CPD distinguished fellow Devapriya Bhattecharje said presence of Rohingyas would create substantial challenges with multiple dimensions for Bangladesh.

Also Read: UNHCR for ensuring security in Rakhine to repatriate Rohingyas

CPD executive director Fahmida Khatun presented keynote paper in the dialogue.

She suggested keeping short, medium and long-term implications for domestic and foreign resources with assessing all explicit and implicit costs related to the Rohingya crisis.

Law enforcing agencies have to be vigilant to stop illegal activities, drug trade, trafficking and terrorism, she said.

BRAC executive director Muhammad Musa stressed the need for a mid-term and a long-term plan for managing the Rohingya crisis with creating environment on both sides of the borders for the return of the Rohingyas.

He also suggested taking programme for supporting the local communities in Cox’s Bazar and adjacent areas in other districts.

Creating waves of exodus of Rohingyas by Myanmar military’s operations in Rakhine State ‘is non-military aggression’ in Bangladesh which would have security, social and environmental hazards here in future, former ambassador Mahmood Hasan said.

Stressing the need for ‘serious policy rethink’ by the government, former Bangladesh ambassador to Myanmar AMSA Amin said, ‘We want peace, but prepare for all’, as China was a kingpin in the Rohingya affairs.

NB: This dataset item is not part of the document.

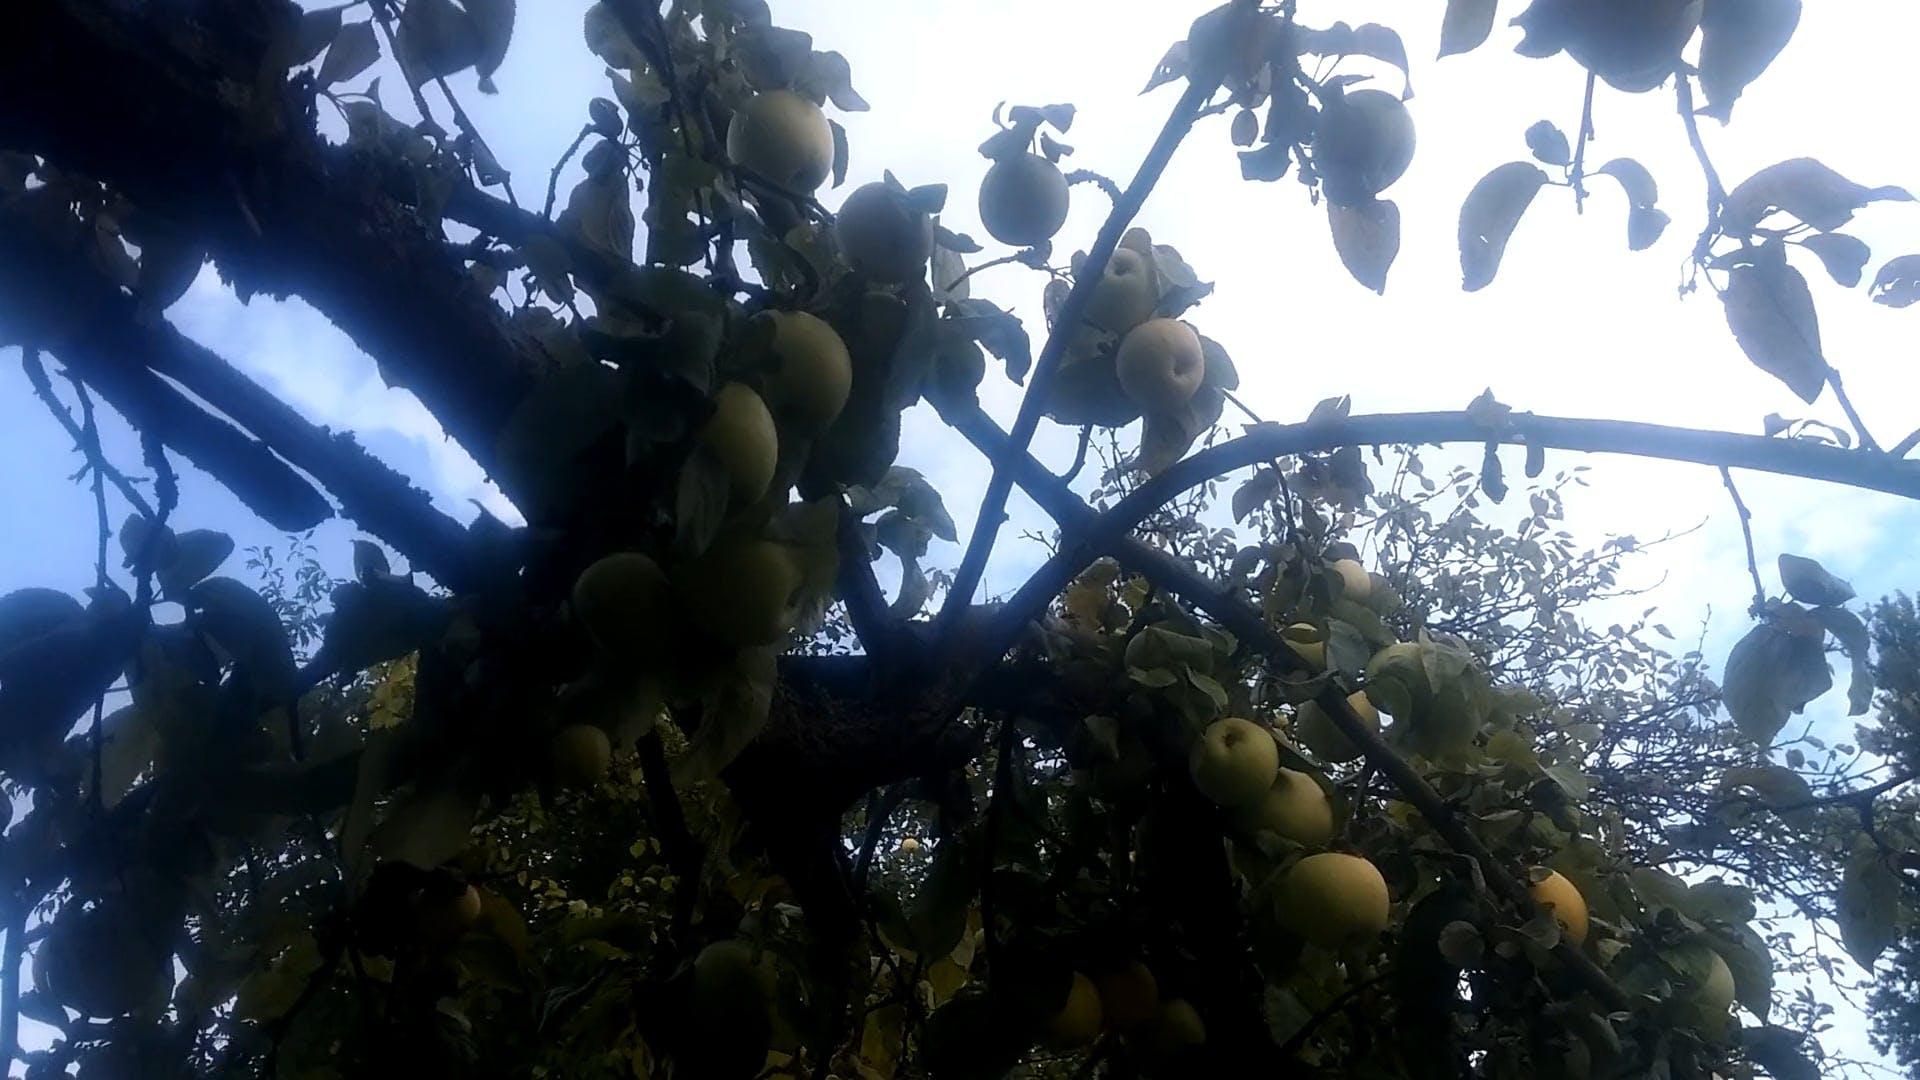 Video of Apples on Tree

China might forget humanitarian aspects of the Rohingya issues, he warned.

Dhaka University professor Imtiaz Ahmed said the Myanmar military was engaged in genocide as it wanted to destroy the entire community in Rakhine State.

Bangladesh indigenous People Forum general secretary Sanjeeb Drong said Rohingya crisis would have serious economic and social impacts in hill areas as Rohingyas might go for the customary lands in Chittagong Hill Tracts districts.

Bangladesh Institute of International Strategic Studies chairman Munshi Faiz Ahmad, Border Guard Bangladesh director general Major General Abul Hossain, security expert M Sakhawat Hossain, Bangladesh-Myanmar Business Promotion Council president Rashed Maksud Khan, Ain O Salish Kendra executive director Sheepa Hafiza, International Monetary Fund resident representative Ragnar Gudmundsson and representatives of several local and foreign organisations also participated in the discussion.